Strategy · March 6, 2026 · 7 min read

Build vs buy: choosing an AI solution you won’t regret

A decision framework for choosing between a hosted AI product, a vendor-assembled solution, or a custom build — based on what actually moves the outcome.

The build-vs-buy question for AI is usually framed as "save time with a vendor or save money by building." That framing is wrong. The real question is: which approach leaves you with the capability you need 18 months from now?

The three real options

  1. Hosted product. A SaaS that does the thing. You configure; they run.
  2. Vendor-assembled custom. A consultancy or systems integrator builds you a one-off on top of their components.
  3. In-house / on-your-infra build. You own the code, the data pipeline, and the operational responsibility.

When hosted product is the right answer

  • The problem is common enough that a product exists for it (CRM, marketing automation, basic chatbots)
  • Your data isn’t regulated or the vendor has a BAA/SOC 2 Type II
  • The cost of waiting for a custom build exceeds the cost of vendor lock-in
  • You don’t need to modify the model’s behavior on proprietary data

Red flags: the vendor can’t explain their data-handling in 30 seconds; the contract term is 3+ years; your use case isn’t on their public roadmap.

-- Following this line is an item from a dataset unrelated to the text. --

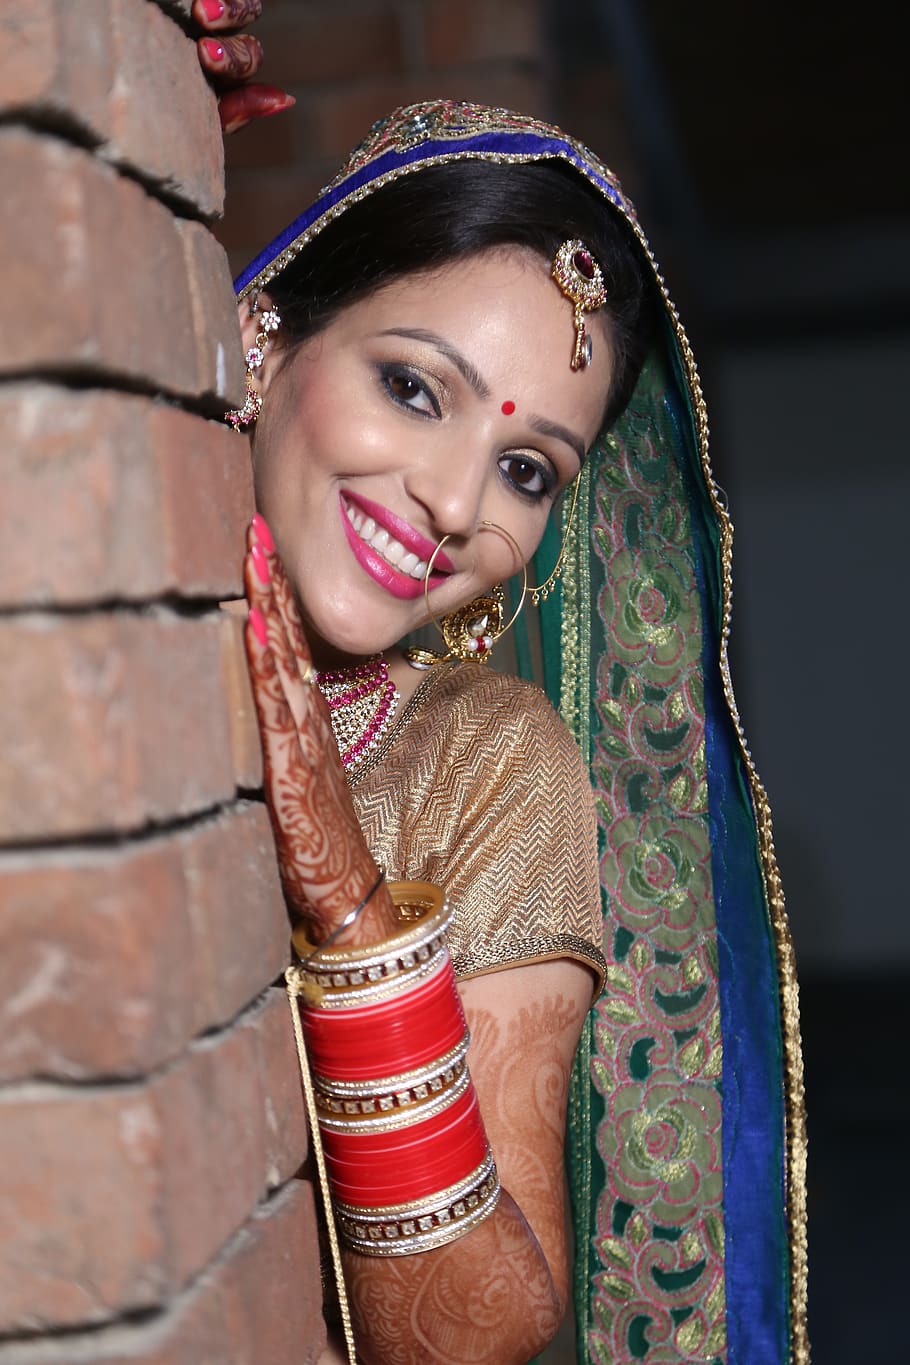 bride, wedding, marriage, indian, traditional clothing, smiling, young adult, portrait, one person, looking at camera

When vendor-assembled custom is right

  • You need customization, but don’t have the team to own operational responsibility
  • The problem is big enough to justify six figures but not a permanent AI team
  • You need something running in weeks, not months, and your internal team is fully loaded
  • You want the option to take ownership later (insist on IP transfer, documented handoff, no proprietary dependencies)

Red flags: the vendor wants to host it for you forever; their solution depends on their own proprietary framework; they resist writing the code into your repositories.

When to build in-house

  • The AI capability becomes a direct part of your competitive moat
  • Data cannot leave your network under any deal terms
  • You already have (or can hire) an AI engineering team
  • The use case will evolve monthly based on your own domain

Red flags: you’re building to "keep up" with competitors rather than to solve a specific business problem; the executive buyer can’t define "done."

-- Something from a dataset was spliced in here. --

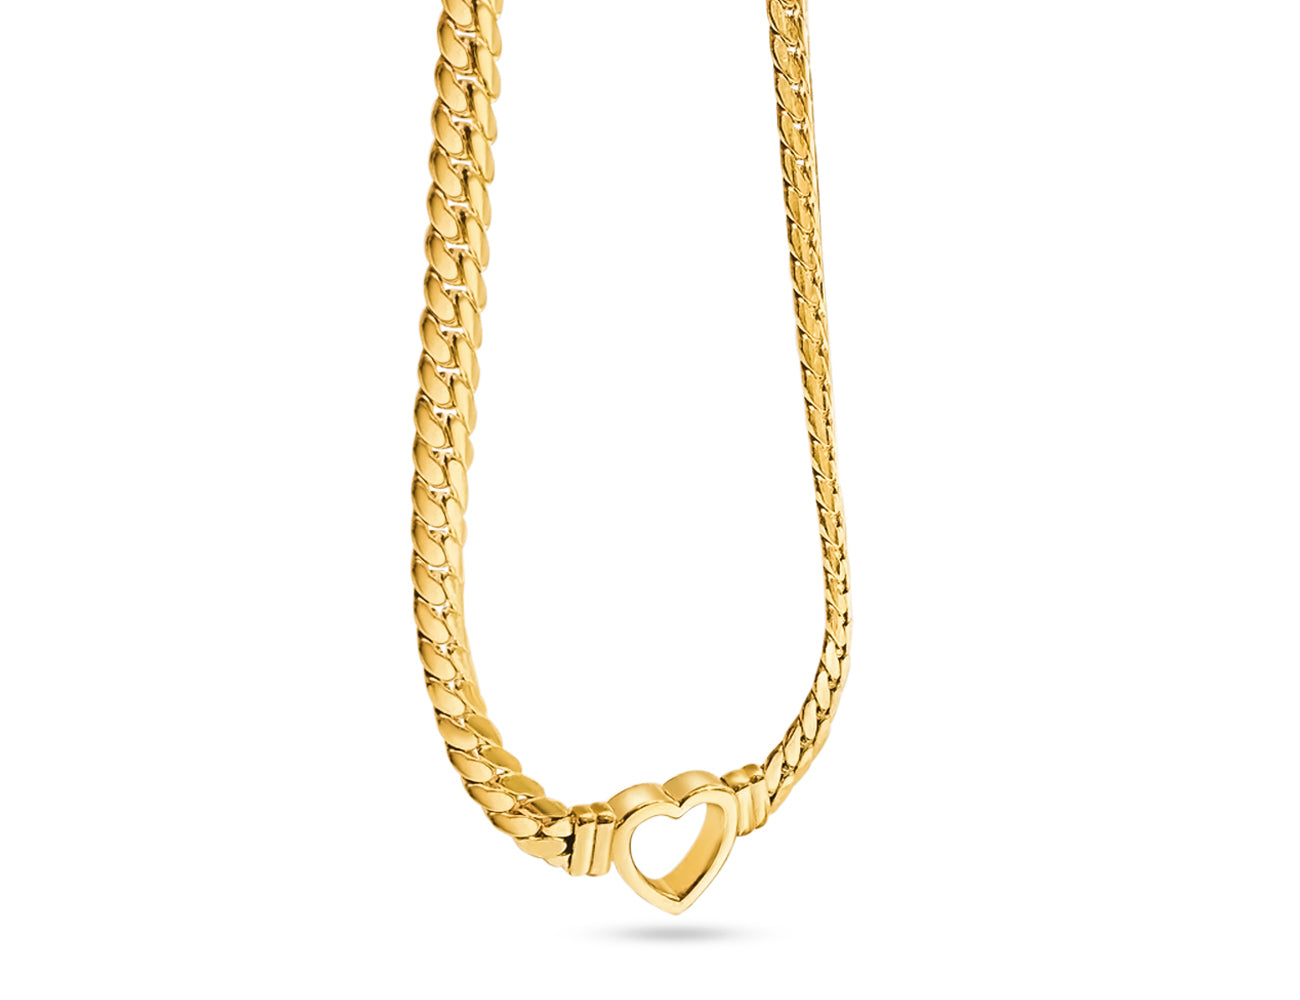 FAX Jewelry | 'Solid Love' Heart Chain Necklace | 18 karat gold plated stainless steel

The hybrid path almost everyone ends up on

In practice, the best answer for most enterprises is: use a vendor-assembled build to get to production fast, with an explicit plan for your team to take operational ownership within 6-12 months.

That path requires:

  • All code, data, and infrastructure in your accounts (not the vendor’s)
  • Open-weight models or vendor models with clear migration paths
  • Documentation, runbooks, and training as explicit deliverables
  • Structured transfer: shadow operations, joint on-call, then independent operations

This is the shape of most of our Secure AI Build engagements. It buys speed without locking you in.

Five questions to ask before you sign anything

  1. Who owns the code, the weights, and the data after the contract ends?
  2. Can our security team sign off on the data flow in one meeting?
  3. What’s the operational cost once you walk away?
  4. If your vendor disappears tomorrow, can we still run the system?
  5. What does "done" mean for this engagement? Is it a running system, a knowledge transfer, or both?

If a vendor can’t answer all five clearly in your first call, you have your answer.